Absolutely wanted the shit out of them...but like Corey, never in a million years gotten one.

But if I had, I would likely have destroyed them in under a week. Classic case of "having is not so pleasurable a thing as wanting."

I remember vividly as a kid, I always WANTED the most beautiful, cartoon-accurate looking stuff. But whenever I got a toy that was overly complex ("overly" defined as having too many bits to keep track of or too many joints or too delicate detail parts...in other words, stuff that can go *wrong* in terms of QC or just in the hands of a kid), I'd very rapidly get sick of it.

I played with my toys with a LOT of other kids in the neighborhood and at school. We traded shit ALL the time and played with each others shit on the playground, in the street, in each other's homes, wherever. Can you imagine how long an SoC would survive in environments like that? Half the accessories would be gone in a couple days.

But again, the irony is that I sure woulda killed for one!
If given one, I would have loved it as I tended to enshrine my few belongings. But really, if SOC had been out there and I was trying to choose something, I wouldn't have chosen them amongst other things. For me the interchangeable nature of vintage microman would have been much more compelling. An SOC Combattler would've been a want, I guess. Honestly, as much as I love SOC's, they just aren't much...I dunno...'fun'.

I would have certainly loved the modern Valkyrie renditions, or the revamps of classic Star Wars stuff, as well as the incredible 40 or 50 Mach 5's issued in the last few years. Yeah, load those (with the Combattler) into the time machine for me.
MattAlt (Admin)
The thing with the series is, there's so much variation. The great ones are great (Aquarion, Leoparadon, Gunbuster, King Joe being a few). But others are more so-so, and there's only so many Mazinger variations I can stand (though some of the more offbeat ones are pretty cool, like the headless/chestless one from the new anime.)

Then again, that "some great, some so-so" thing applies to the original Chogokin, too!
Was Aquarion part of the SOC line...?

I still remember when I first got the GX-01 and it really felt like a revelation. A fully diecast Shogun Warrior toy but modernized with more gimmicks, accessories, sculpt and articulation. I think in one of our early TBDX chogokin chats, I even proclaimed to Alen that this had to be the BEST TOY EVER.

Of course with time, we've seen this line get more complex and more expensive to the point it doesn't feel like a "toy" anymore and I think that's what has mostly tempered some folk's enthusiasm with the SOC line.
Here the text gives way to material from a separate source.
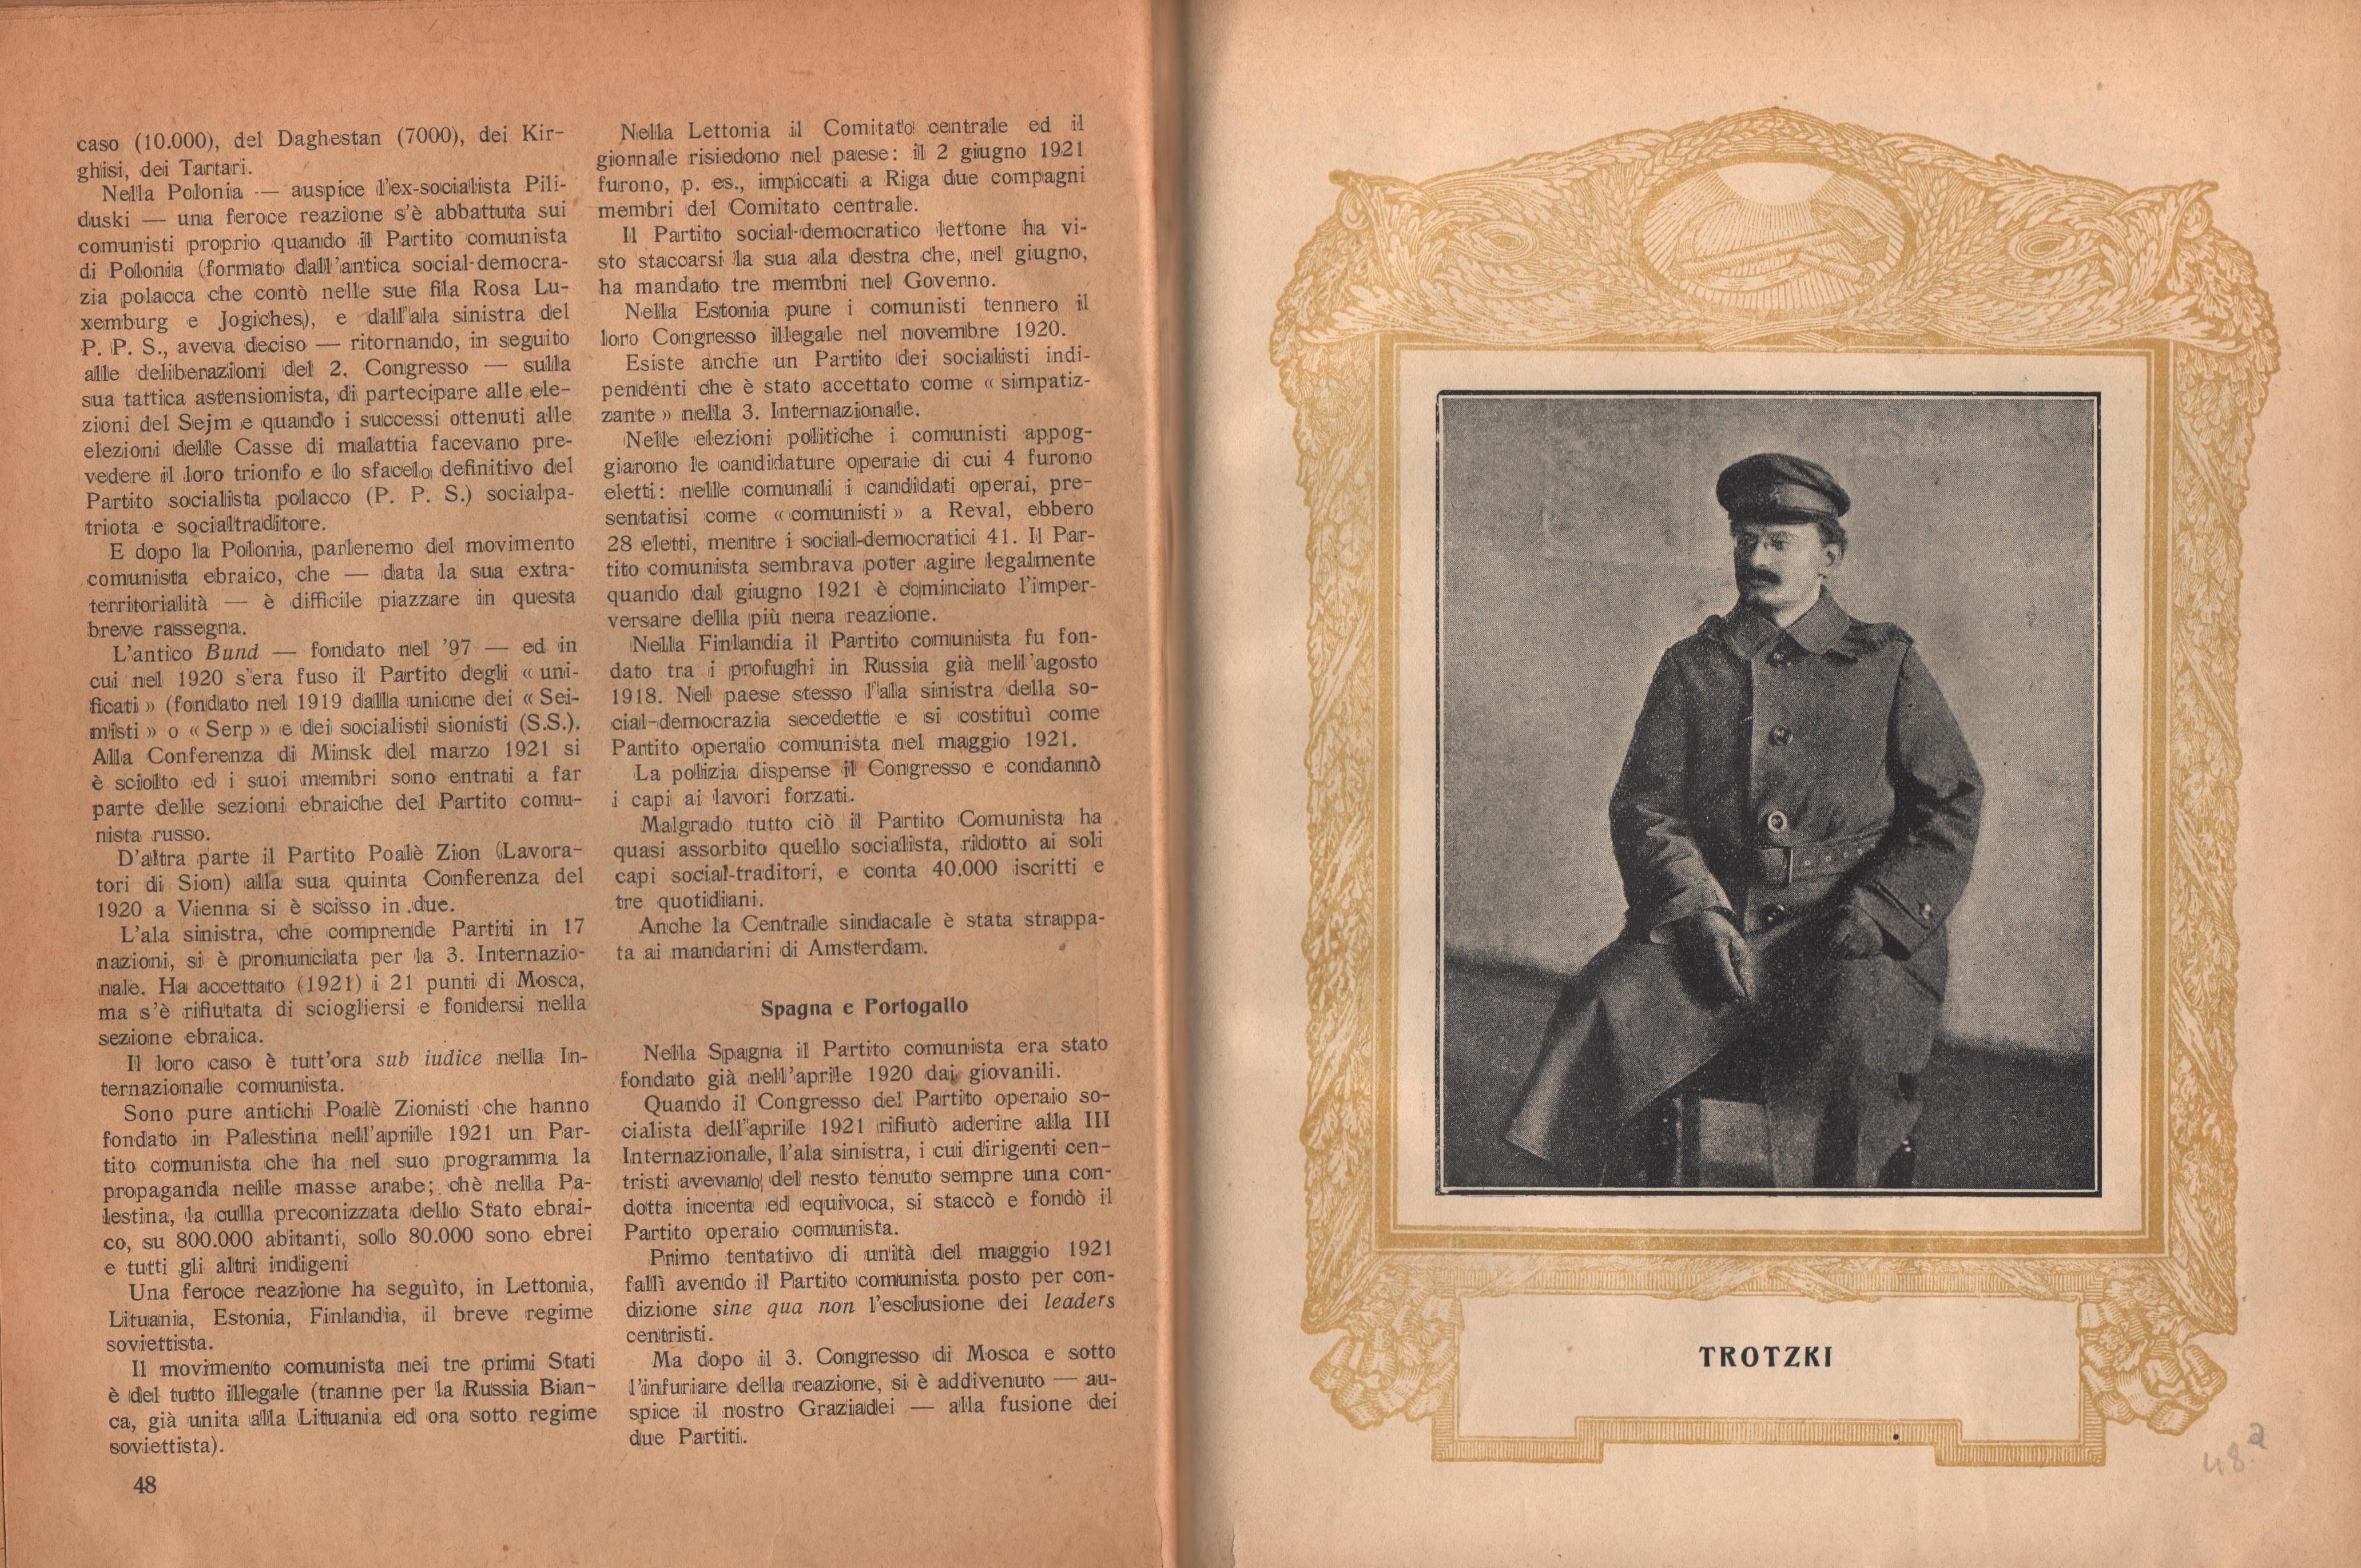 Almanacco comunista 1922 - pag. 29

But objectively, there's no way to deny that this is one truly impressive line of quality robot toys, and one that will be looked back and marvelled at many years down the line.
cae
If it weren't for the GX-01 (or was it the 02?) that I picked up off ebay, I don't know that I woulda ever gotten hooked into this end of the hobby.

I still have that toy and still think it is pretty goddamn cool, even if I did have to de-sprue some of the bits.

I would have licked a dead pig's ass for this toy as a kid - I'm just more jaded now, is all.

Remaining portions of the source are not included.